Sri Aurobindo (1948), The Synthesis of Yoga

“..[o]ut of bewildering Yogism must come the most scientific practical psychology – and all this must be put in a form so that a child may grasp it.”

Swami Vivekananda in a letter to his disciple, dated February 17, 1896

Each one of us aspires to live a wholesome life in its entirety; that by and large encompasses being in good physical health, having positive inter and intrapersonal relationships, a secure financial-social state, a sense of overall achievement and well-being etc. Yet, despite all these ‘markers’ that naturally point to endorsing ‘life as picture perfect’ or ‘near picture perfect’, it is an individual’s ‘perception’ that eventually determines how one feels within and thus, sees the same all around.

According to Patañjali’s Yoga Sūtras, the deep rooted saṃskāras1, kleśas2 and vṛttis3 constantly keep the citta4 (collective mind) in states of flux. Depending on the intensity and the directions in which the saṃskāras, kleśas and vṛttis play out, it can lead to dulling of awareness, diluting of attention, clogging of perception – inebriating the mind’s journey outward in search of stability and happiness.

Citta and Quality of Life: A Ponderance

World over, financial status, life expectancy, physical health, etc. have traditionally been considered to be the markers of a complete life. Yet ironically, despite people having more or less what these benchmarks assume, there is no respite to the burgeoning growth of mental ailments in forms of anxiety, depression and misery all around us.

The World Health Organization (WHO) defines quality of life as “an individual’s perception of their position in life in the context of the culture and value systems in which they live and in relation to their goals, expectations, values and concerns incorporating physical health, psychological state, level of independence, social relations, personal beliefs and their relationship to salient features of the environment”.

WHO’s definition, though holistic, anchors on ‘perception’ as the cross-cutting dimension in improving the quality of life of a person. This implies that it is not enough that there is upliftment in an individual’s measurable or material quality of life, but that the individual must also ‘perceive’5 an improvement in the same. This therefore leads us to ponder about the instrument of ‘perception and experience’, i.e., the human ‘mind’.

Each one of us understands the world differently according to the quality of our minds. Citta, i.e, the kind of mind-stuff, the kind of saṃskāras we have decides to a large extent our experiences of our world within and around. And this in turn determines the quality-of-life.

The Mind According to Yoga

Nature of the Mind
According to the Haṭha Yoga Pradīpikā:

The Bhagavadgītā says

According to the Haṭha Yoga Pradīpikā,

The very nature of the mind is extroverted. It yields to the sense objects through the sense organs thereby creating saṃskāras. These saṃskāras give rise to the episodic experiences of pain and pleasure.
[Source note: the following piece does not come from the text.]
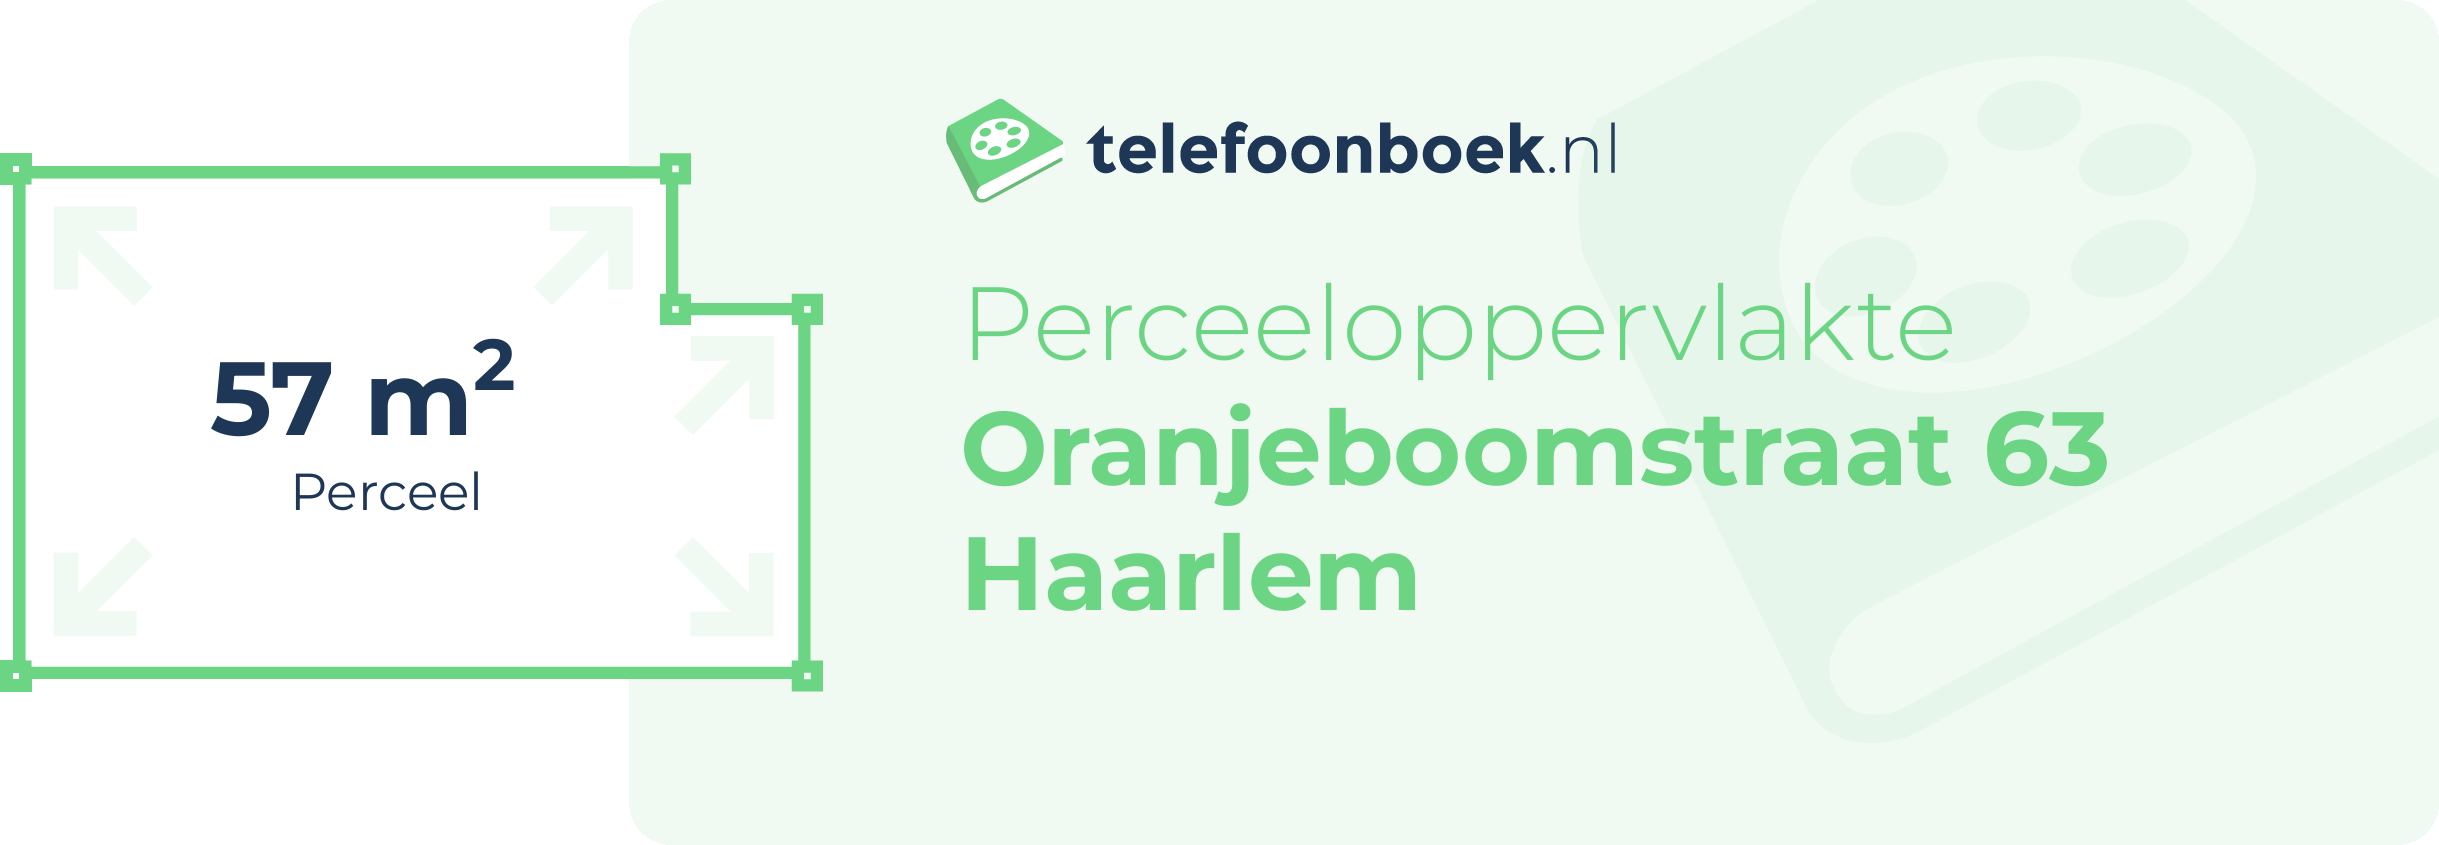 Perceeloppervlakte Oranjeboomstraat 63 Haarlem

According to Patañjali’s Yoga Sūtras, any perception alters the mind. The alteration is called vṛtti. That due to which the modification takes place is pratyaya6, based on external stimulus from the senses. When a stimulus from the outer world impinges on the senses, a vṛtti or a thought is created in the mind. The ego, through its identification with pleasant thoughts experiences happiness and experiences sadness when it identifies with unpleasant thoughts.

The objects of perception and of thought are innumerable, and therefore so are the vṛttis.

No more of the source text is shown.